• [Work instruction]: Images are not wanted; transcribe the rest of the listing exactly.

• [Recorded information]:
┏━━

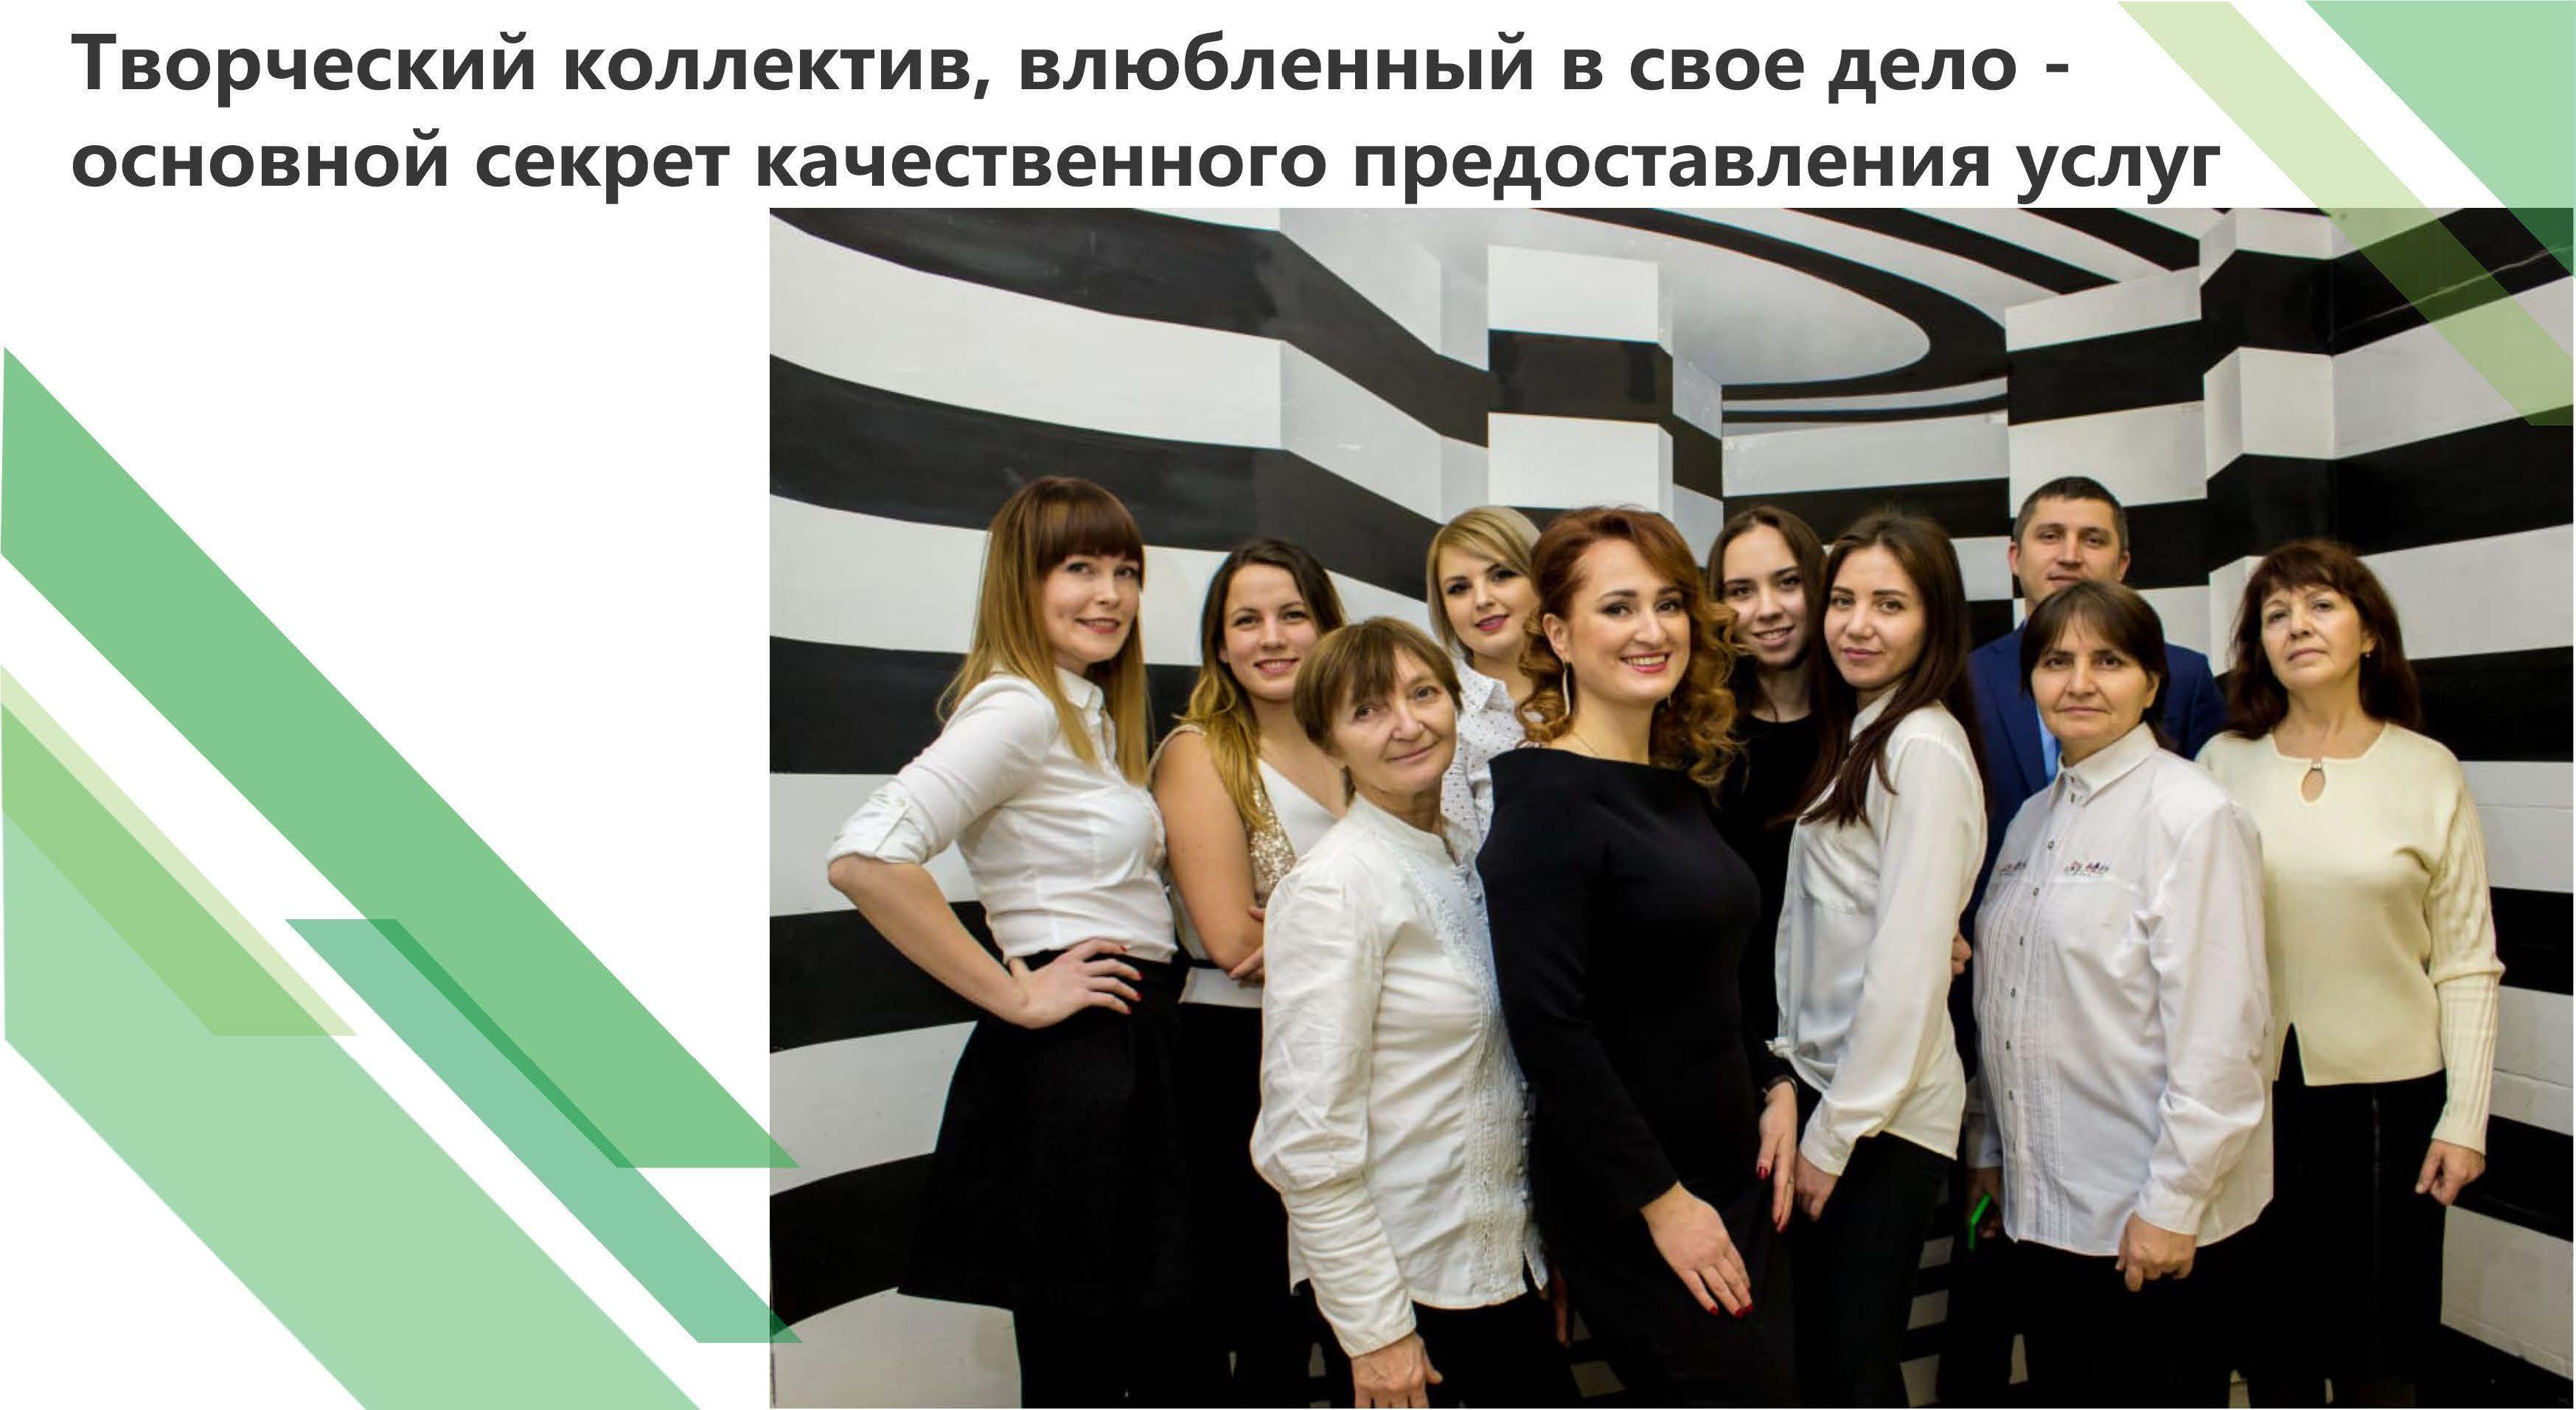 kp_ko_Страница_03
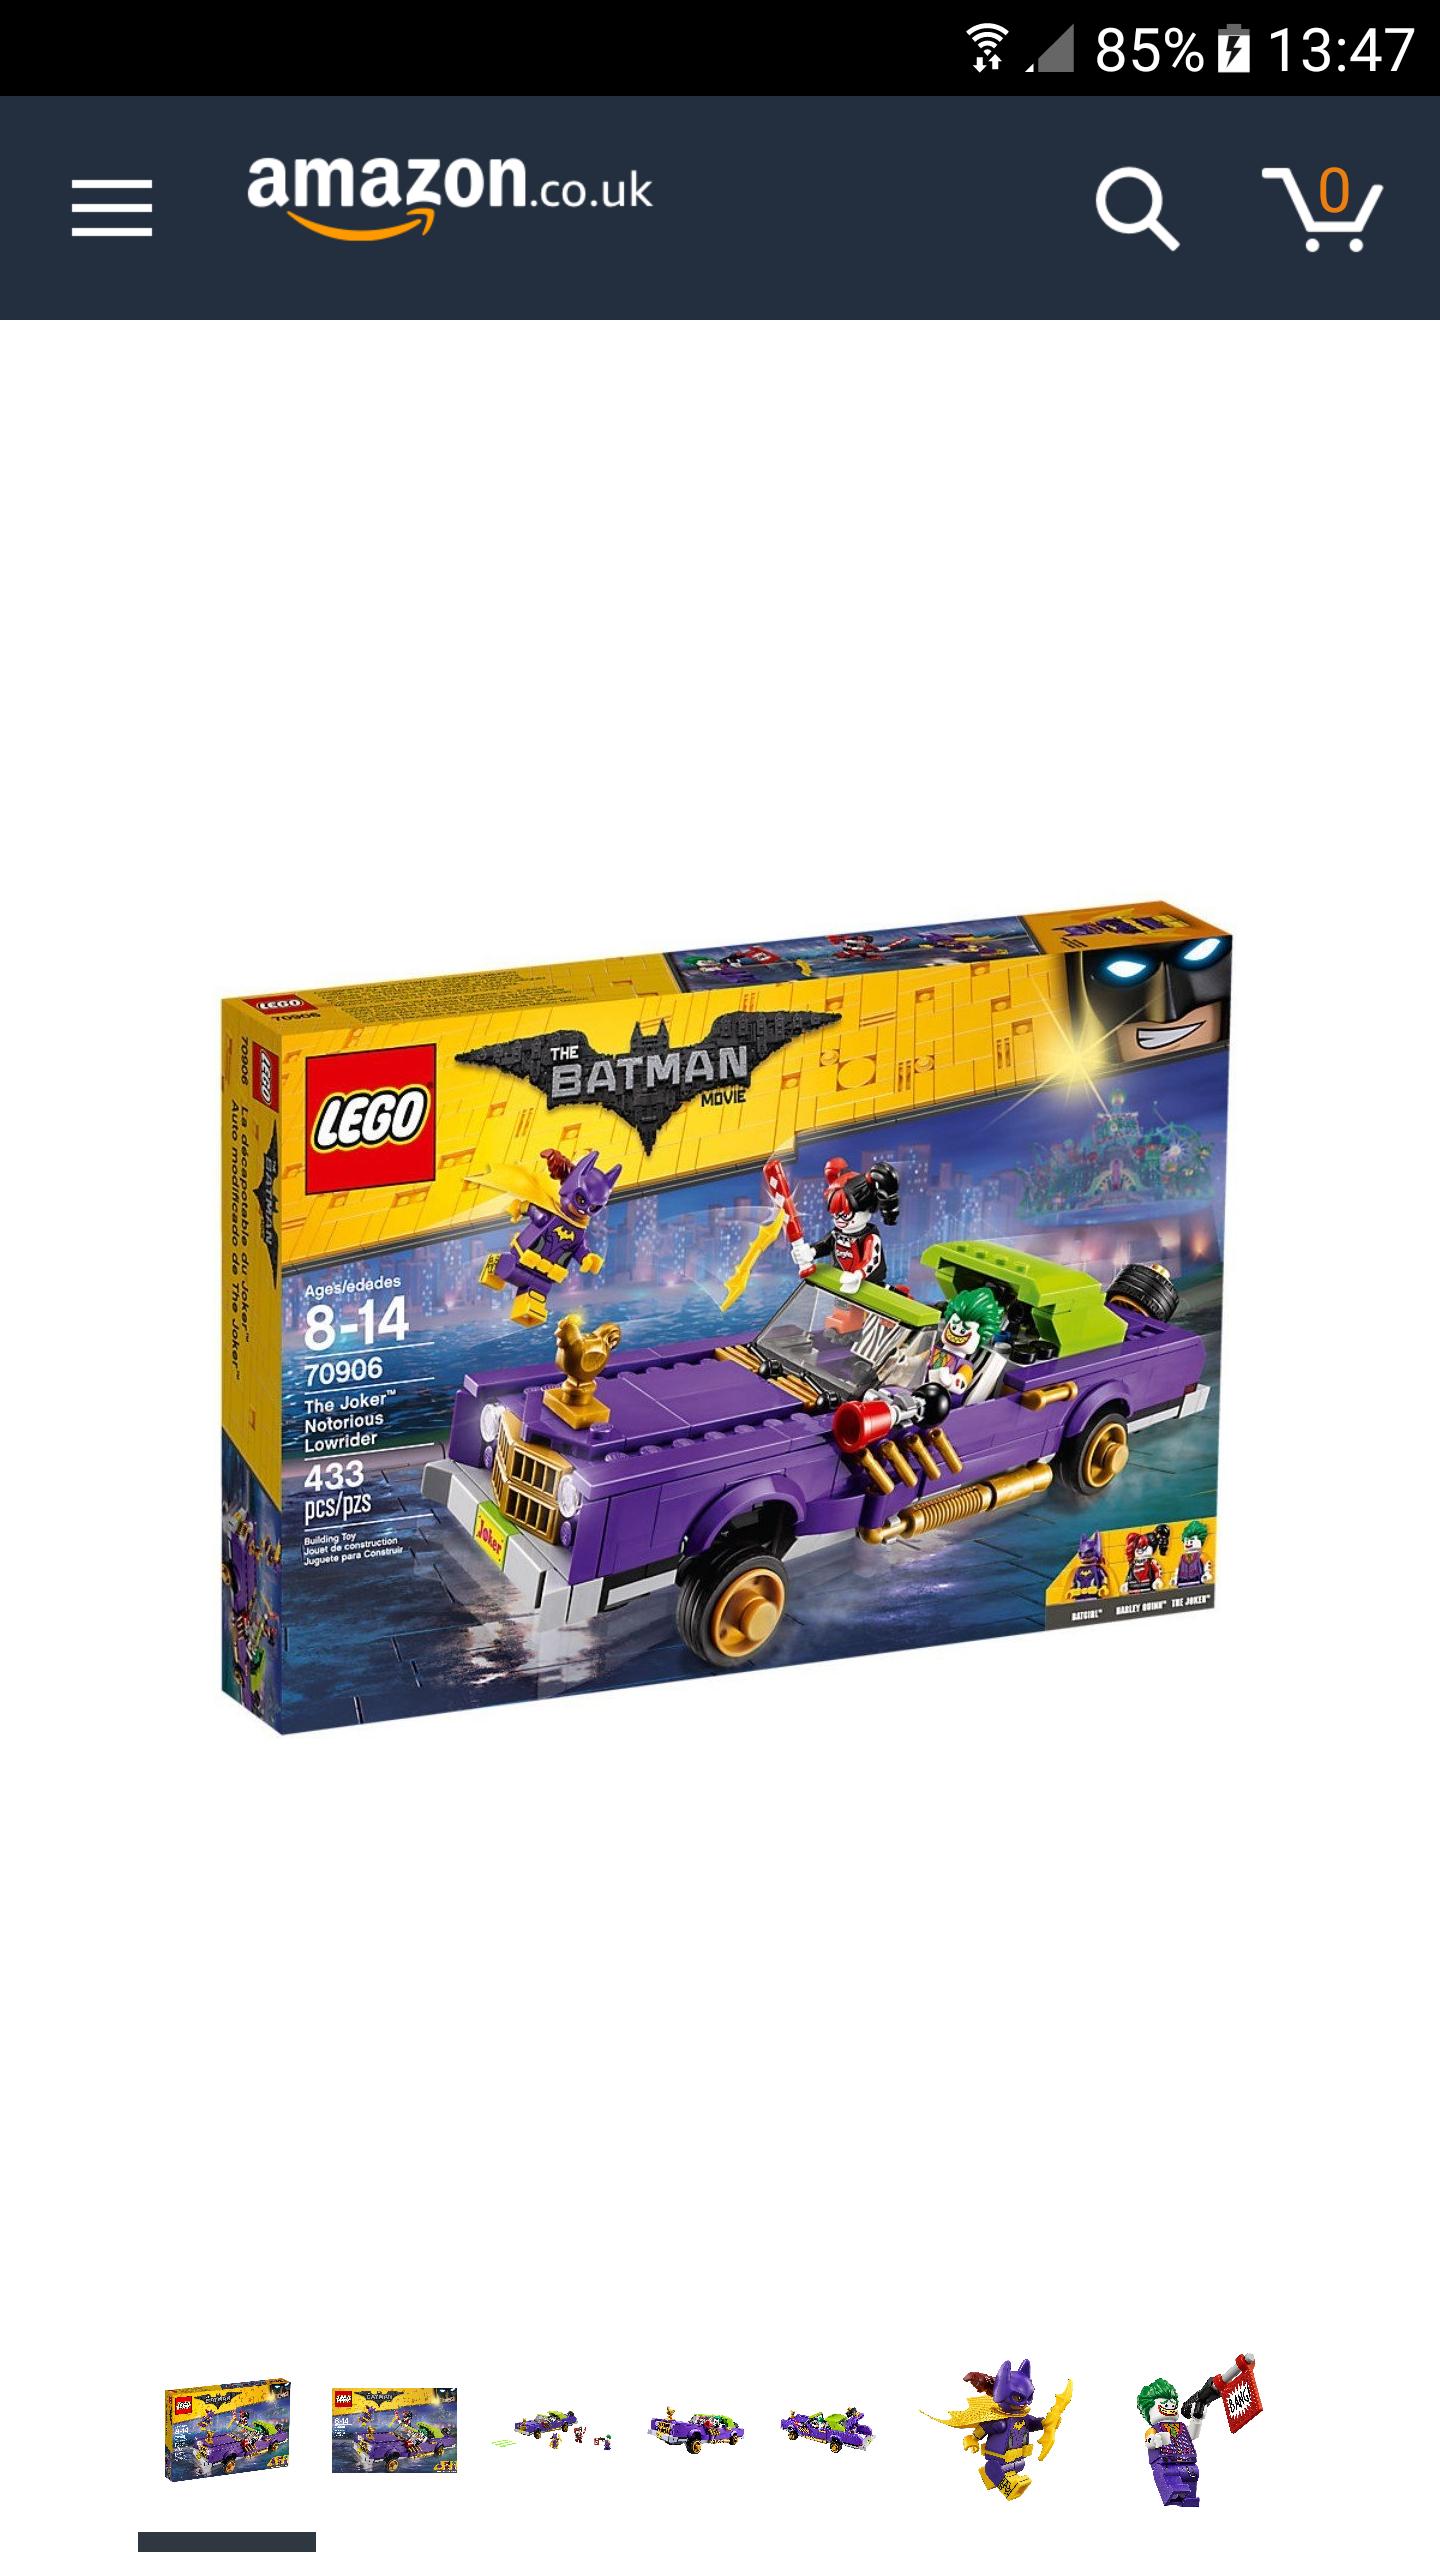 LEGO Batman The Joker Notorious Lowrider £32.99 @ Amazon
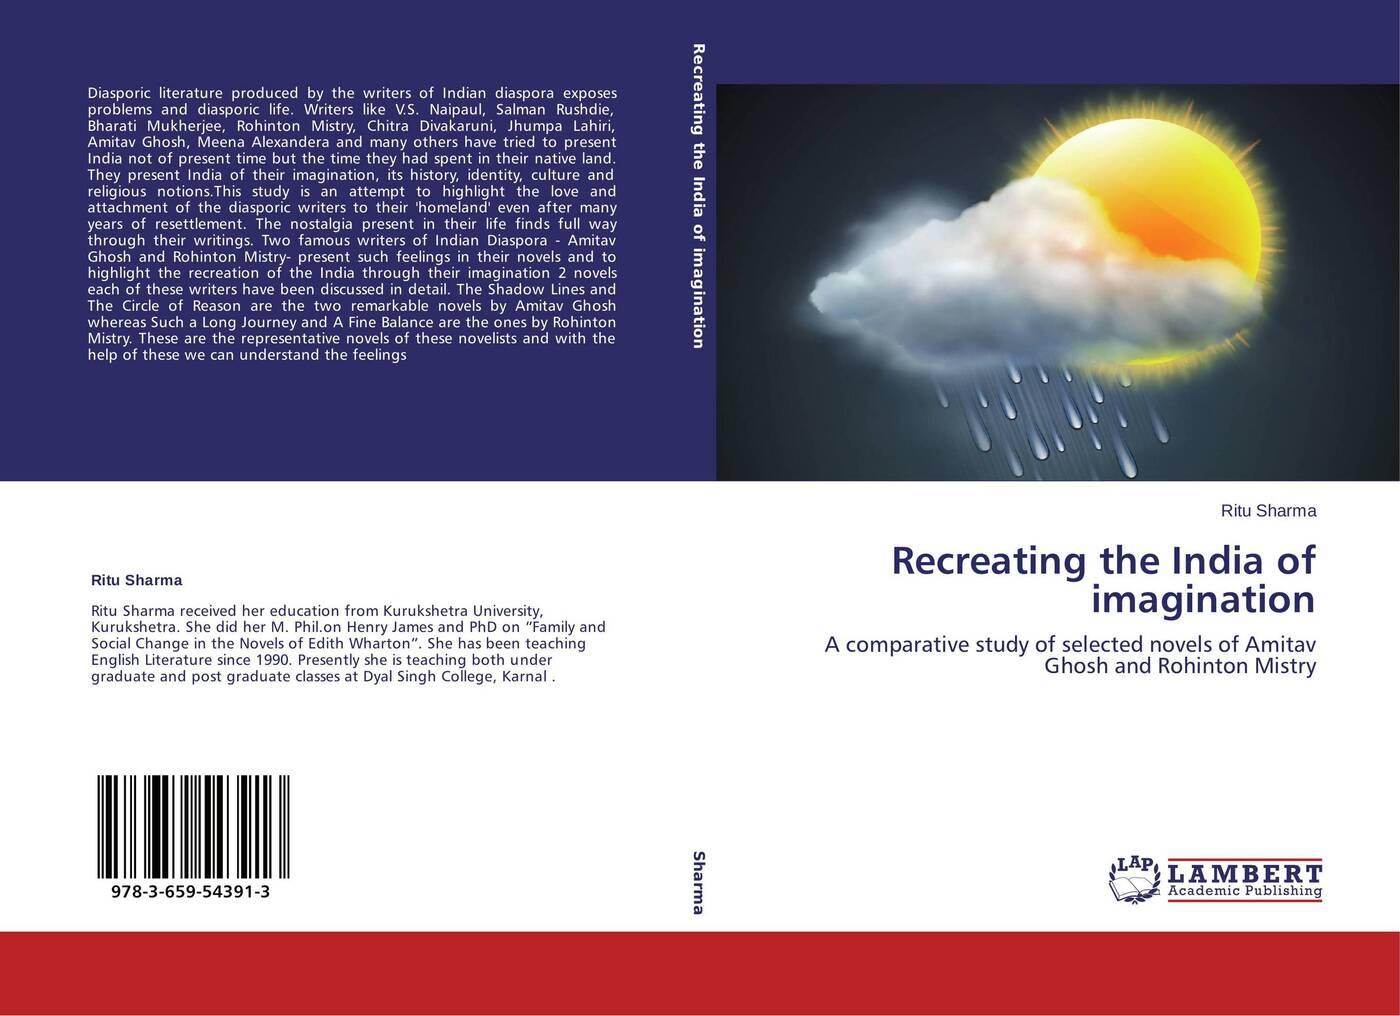 Ritu Sharma Recreating the India of imagination

┗━━

• [Exercise result]:
 kp_ko_Страница_03
 LEGO Batman The Joker Notorious Lowrider £32.99 @ Amazon
 Ritu Sharma Recreating the India of imagination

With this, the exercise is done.